Member of Parliament, Lok Sabha
- In office 1977-1980
- Preceded by: Chiranjib Jha
- Succeeded by: Kamal Nath Jha
- Constituency: Saharsa, Bihar

Personal details
- Died: 7 January 2002 Kaushalipatti, Bihar
- Party: Janata Party

= Vinayak Prasad Yadav =

Indian politician

Vinayak Prasad Yadav (died 7 January 2002) was an Indian politician. He was a Member of Parliament, representing Saharsa, Bihar, in the Lok Sabha, the lower house of India's Parliament, as a member of the Janata Party.

== Life ==
Vinayak Prasad Yadav was jailed several times for his activities as a part of the Quit India Movement in 1942. He was elected a member of the Legislative Assembly of Bihar for the periods 1967-1968 and 1972–1974, as well as being elected in 1985 and 1990. He served for some time as a minister in the Government of Bihar.
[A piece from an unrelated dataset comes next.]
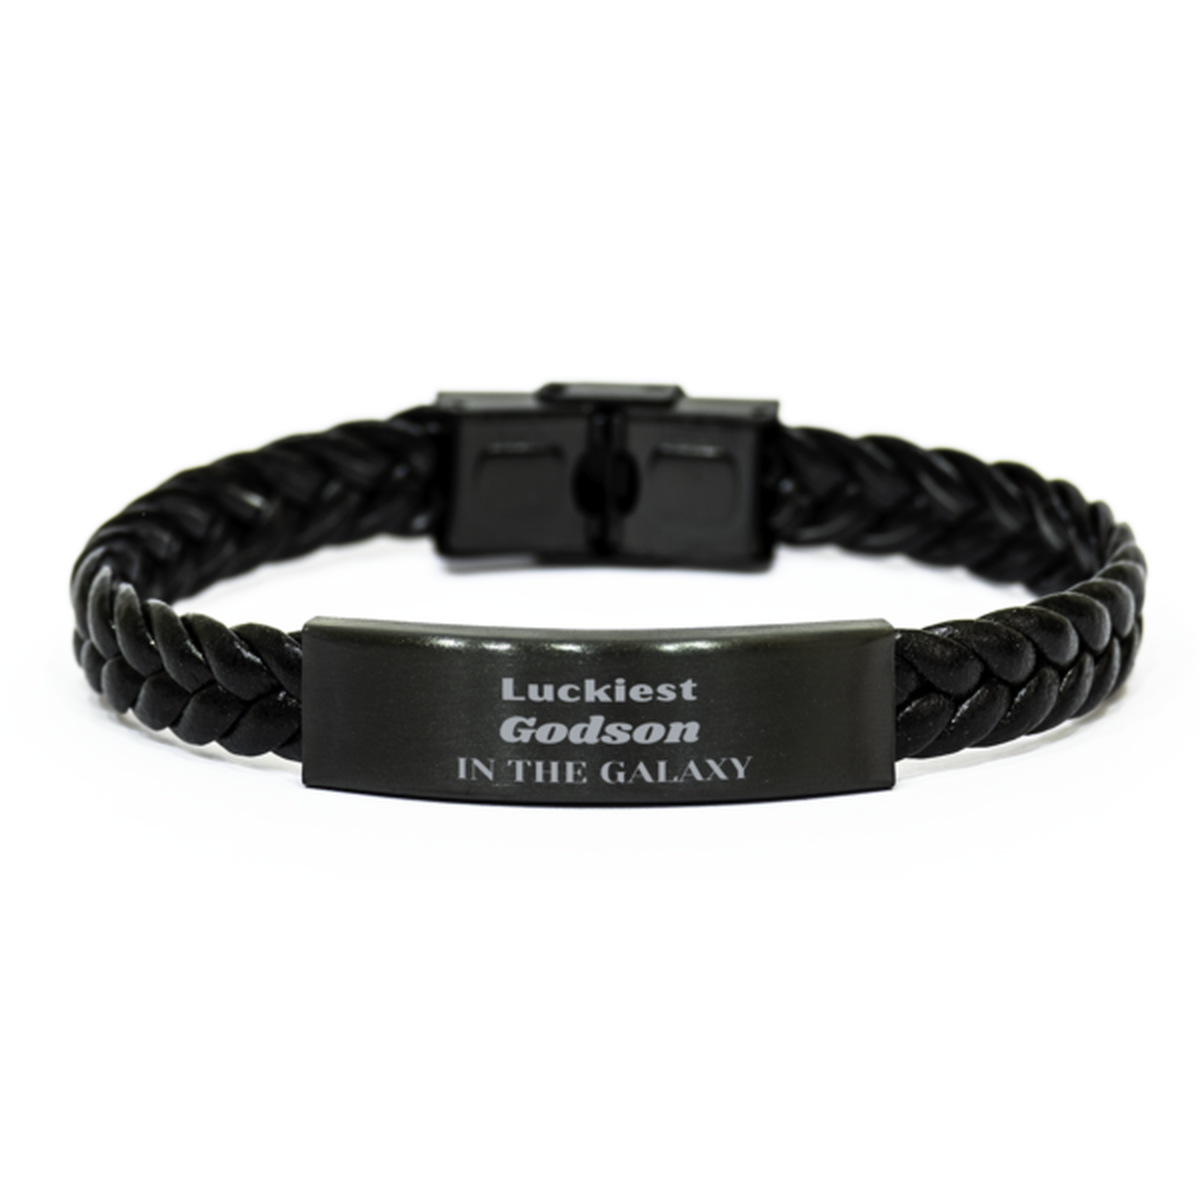 Luckiest Godson in the Galaxy, To My Godson Engraved Gifts, Christmas Godson Braided Leather Bracelet Gifts, X-mas Birthday Unique Gifts For Godson Men Women

Following the killing of Jagdeo Prasad by police at Kurtha in 1974 Yadav, who was then a member of the Samyukta Socialist Party, resigned from the Bihar Legislative Assembly in protest.

Yadav also served one term as a Member of Parliament, being elected to the Sixth Lok Sabha from the Saharsa constituency in Bihar for the period 1977 to 1979. He was among 27 MPs who left the Janata Party parliamentary group in July 1979 in protest at that party's acceptance of associates who were involved with the right-wing Hindutva organisation, the Rashtriya Swayamsevak Sangh. All those among the 27 who came from Bihar were supporters of Karpoori Thakur.

Outside politics, Yadav was a lawyer. He died, aged 74, at Kaushalipatti, Bihar on 7 January 2002.